Similarly: Your spouse’s inertia — and your frustration, money concerns, family planning, and domestic and emotional labor imbalances — are all reasons to turn your attention to your marriage. Clearly you need to renegotiate the division of labor; an arrangement that breeds resentment is not sustainable. And if you’re upgrading your job only because your spouse won’t, then that needs due airing.
However, it’s not so clear what else has to change, if anything. What happens if you both stay in these lower-paying jobs you love? Does happiness count?
Is it possible they “talk up” so much only because you keep pushing them to trade up?
Is earning more your only option? Are your lifestyle costs so non-negotiable, they decide what you both do for a living? Or is spending less an option?
I see several different problems, pressures, needs, hopes and ambitions too knotted up for you to address any of them effectively. That alone could be making you anxious. It would also explain why it’s so tempting just to hope the prestigious new job fixes everything.
I hope you’ll slow yourself (way) down, separate the different threads and give each of them your full attention, one at a time, in a logical order. Such as: anxiety, marriage, jobs/ career and then, only then, the kid question. Tease them apart, then put yourself back together.
DEAR CAROLYN: Unless a guy has more than one wife, using “they” to describe her makes him appear uneducated. It doesn’t matter who says it is OK because it is not. It is bad grammar, and the feelings of those who don’t care that it is are no more important than the feelings of those who do care.

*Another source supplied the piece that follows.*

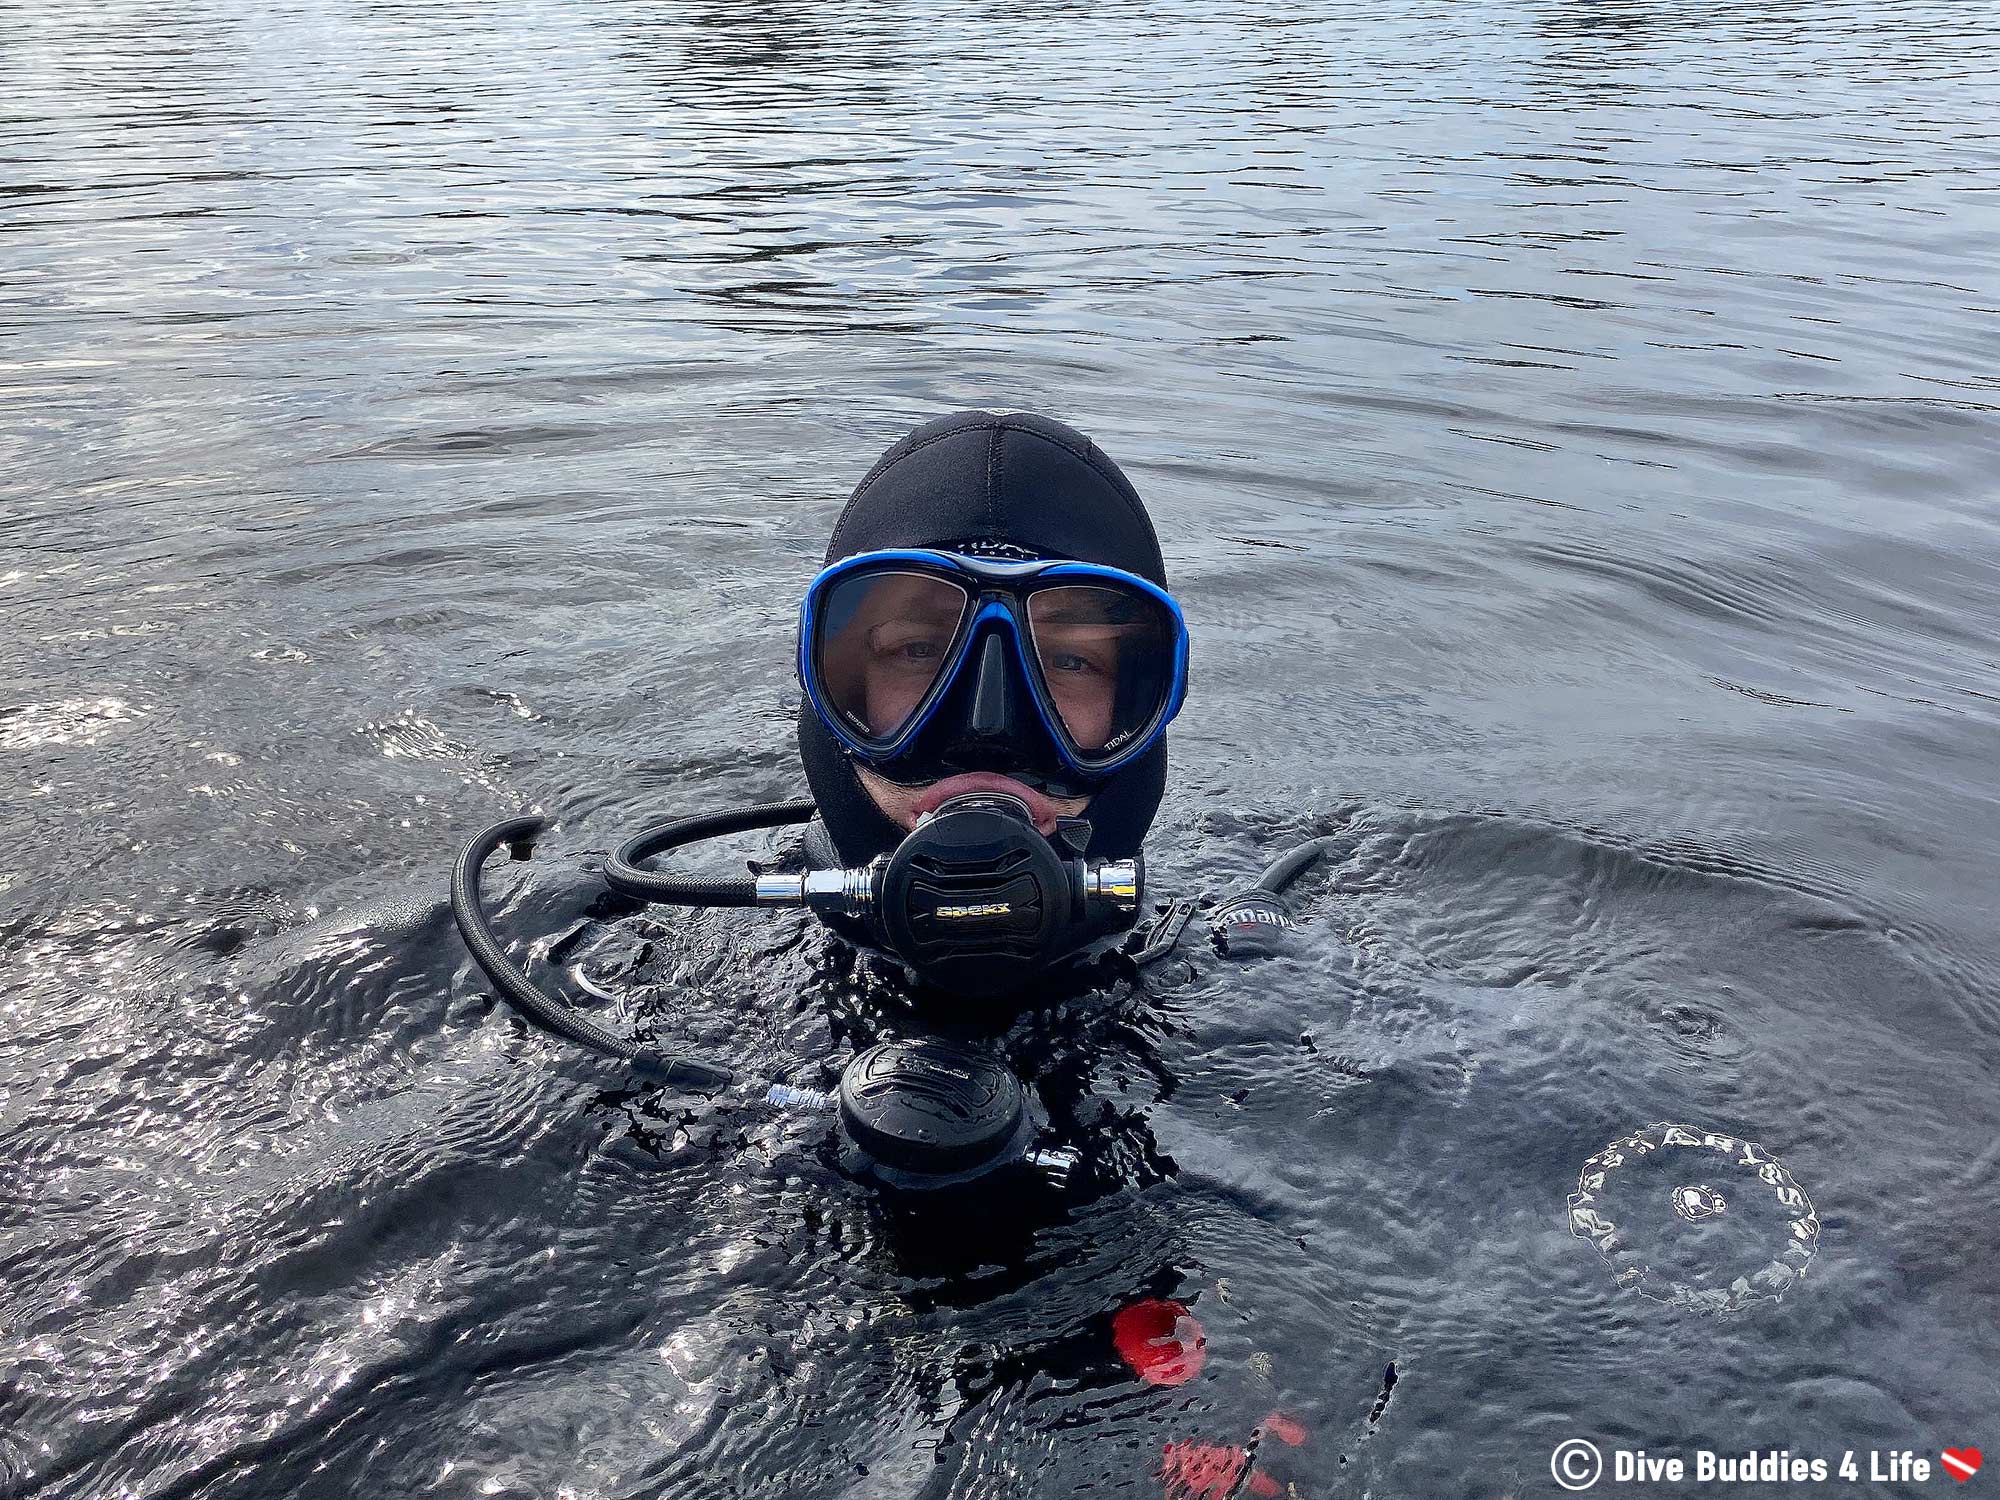 Joey Scuba Diving in the Water with His ProShot Tidal Mask in Ontario

I will immediately stop reading anything that misuses “they” like that. No loss to either of us.
— S.
DEAR READER: A person using “they” as a singular pronoun does seem uneducated, yes. But language is not static, nor is culture, and I think we can both agree the arc of the moral universe doesn’t bend toward grammatical precision. That’s why the person harrumphing new usage quickly becomes the one sounding uneducated. An outcome you precipitate, by the way, by limiting what you read.